Ich denke hier ist auch der Hybrid-Kühler gemeint, welcher im 2D Betrieb gäntzlich zum Stillstand kommen kann!


----------



## Arrow1982 (3. November 2008)

Ist natürlich echt stark, wenn der unhörbar wird. Bläst der Kühler eigentlich alles hinten raus an warmer Luft oder nur die Hälfte?


----------



## Gast20150401 (6. November 2008)

Fransen schrieb:


> Sehr schöne Karte.
> -->>Mal sehen, was die kosten wird.




Stimmt sieht sehr gut aus.Hat offentsichtlich auch einiges zu bieten.


----------



## xTc (6. November 2008)

Update:

Mittlerweile ist die Karte im Preisvergleich aufgetaucht. Stolze 201,00 Euro werden für die *Asus EAH4850 MATRIX/HTDI/512M* fällig:

[preis=1000]a380024.html[/preis]


----------



## killer89 (6. November 2008)

äh ja... die kommt mir, abgesehen von der geringeren Leistung nicht in den PC... auch eine 4870 würde ja in etwa so viel Aufschlag bekommen... total überteuert... naja OC-tauglich ist sie ja mit den Spannungseinstellungen, aber ich glaub die sind auch nur in einem bestimmten Rahmen möglich...

MfG


----------



## D!str(+)yer (6. November 2008)

Wenn sie auf ~150€ fallen würde, würd ich sie sofort bestellen 

Da heißt es abwarten unt tee trinken ....


----------



## Janny (8. November 2008)

Fransen schrieb:


> Sehr schöne Karte.
> -->>Mal sehen, was die kosten wird.



kann ich nur zustimmen, sehr schöne Graka


----------



## adler93 (8. November 2008)

Für den Preis bekommt man ja aber fast schon ne HD4870^^.


----------



## Fransen (8. November 2008)

adler93 schrieb:


> Für den Preis bekommt man ja aber fast schon ne HD4870^^.



Jaa, leider.
-->>aber war zu erwarten das der Preis, jedenfalls zum Release deftig sein wird...

Imo ist er aufjedenfall zu hoch, da er zu nah an Karten der 4870er Reihe ist, wenn auch das Kühlkonzept innovativ ist und die Karte eine schwarzes PCB hat...

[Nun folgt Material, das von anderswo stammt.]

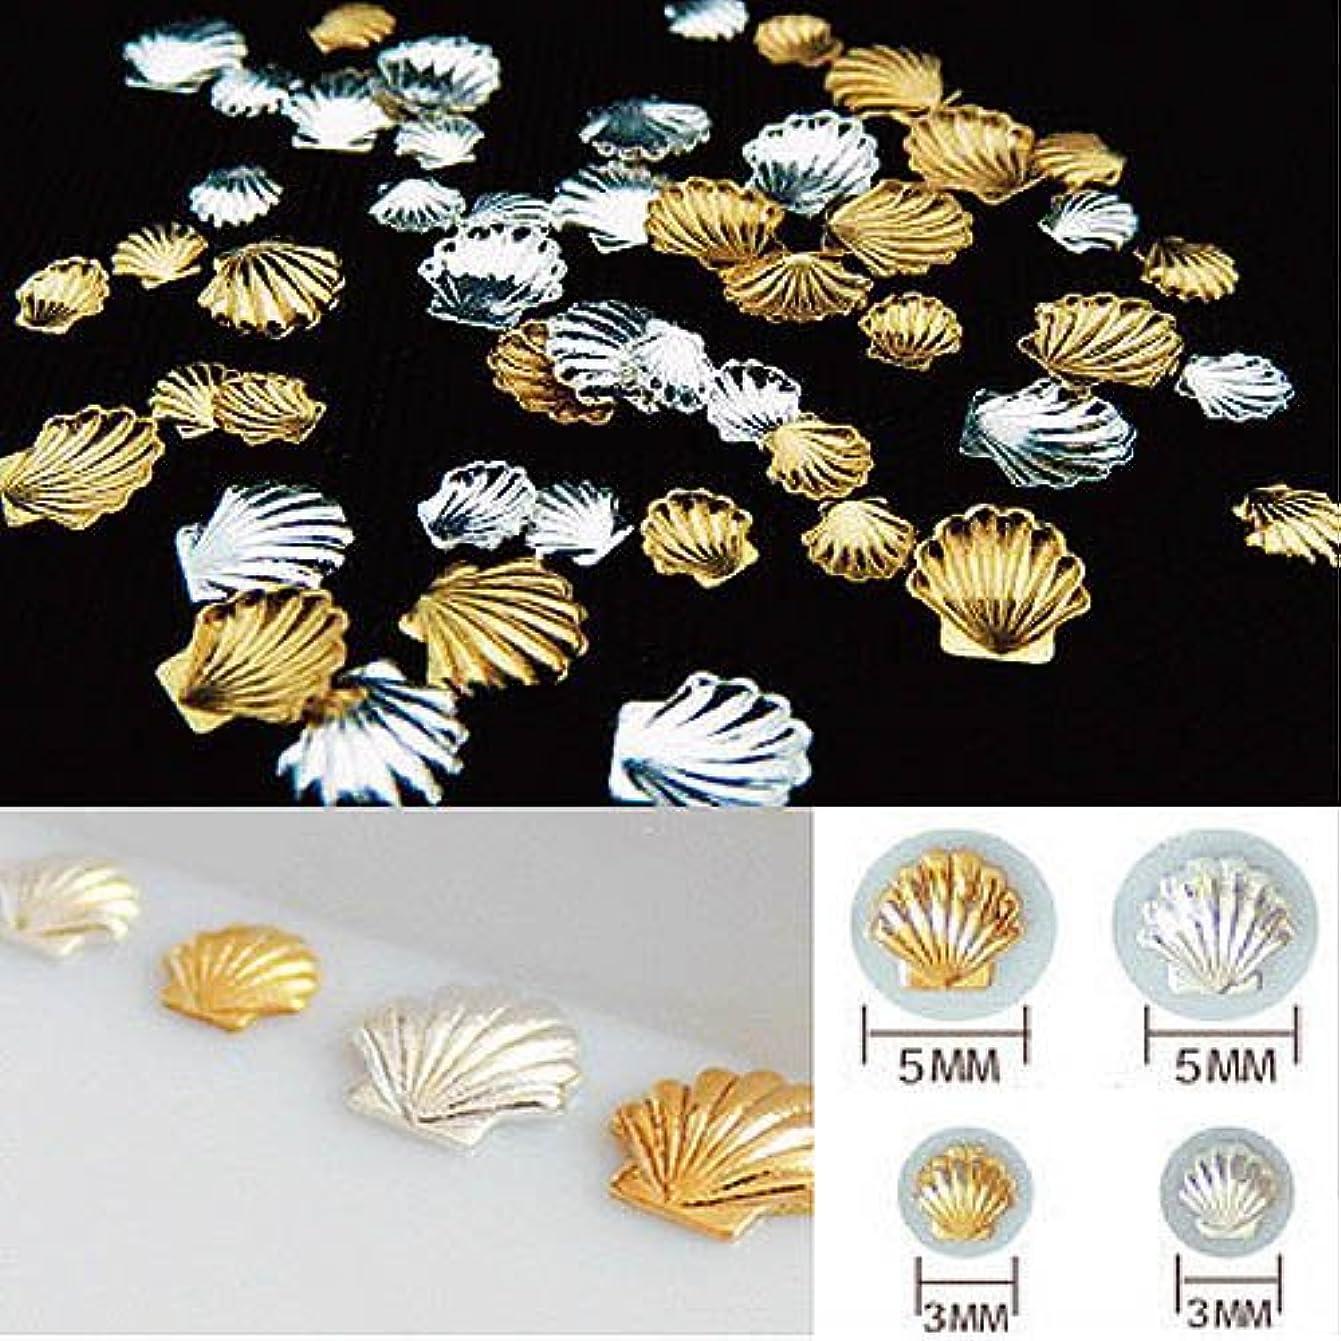 回転音色貝殻モチーフ マリン パーツ チャーム 金属パーツ メタルシェル 48個(ゴールド&シルバー、3mm&5mm 各12個)セット

->mal sehen, wo er sich einpendelt^^


----------



## BMW M-Power (8. November 2008)

Emm.... nicht nur fast, man bekommt für diesen Preis schon eine HD4870 PowerColor Radeon HD 4870 PCS+, 512MB GDDR5, 2x DVI, TV-out, PCIe 2.0 (A77F-TE3A) Preisvergleich bei Geizhals.at EU

Naja... nicht ganz, da sie wieder teurer geworden ist -____-

Gruß
Pascal


----------



## xTc (8. November 2008)

Klar, der Preis ist ech ne Hausnummer, aber naja. 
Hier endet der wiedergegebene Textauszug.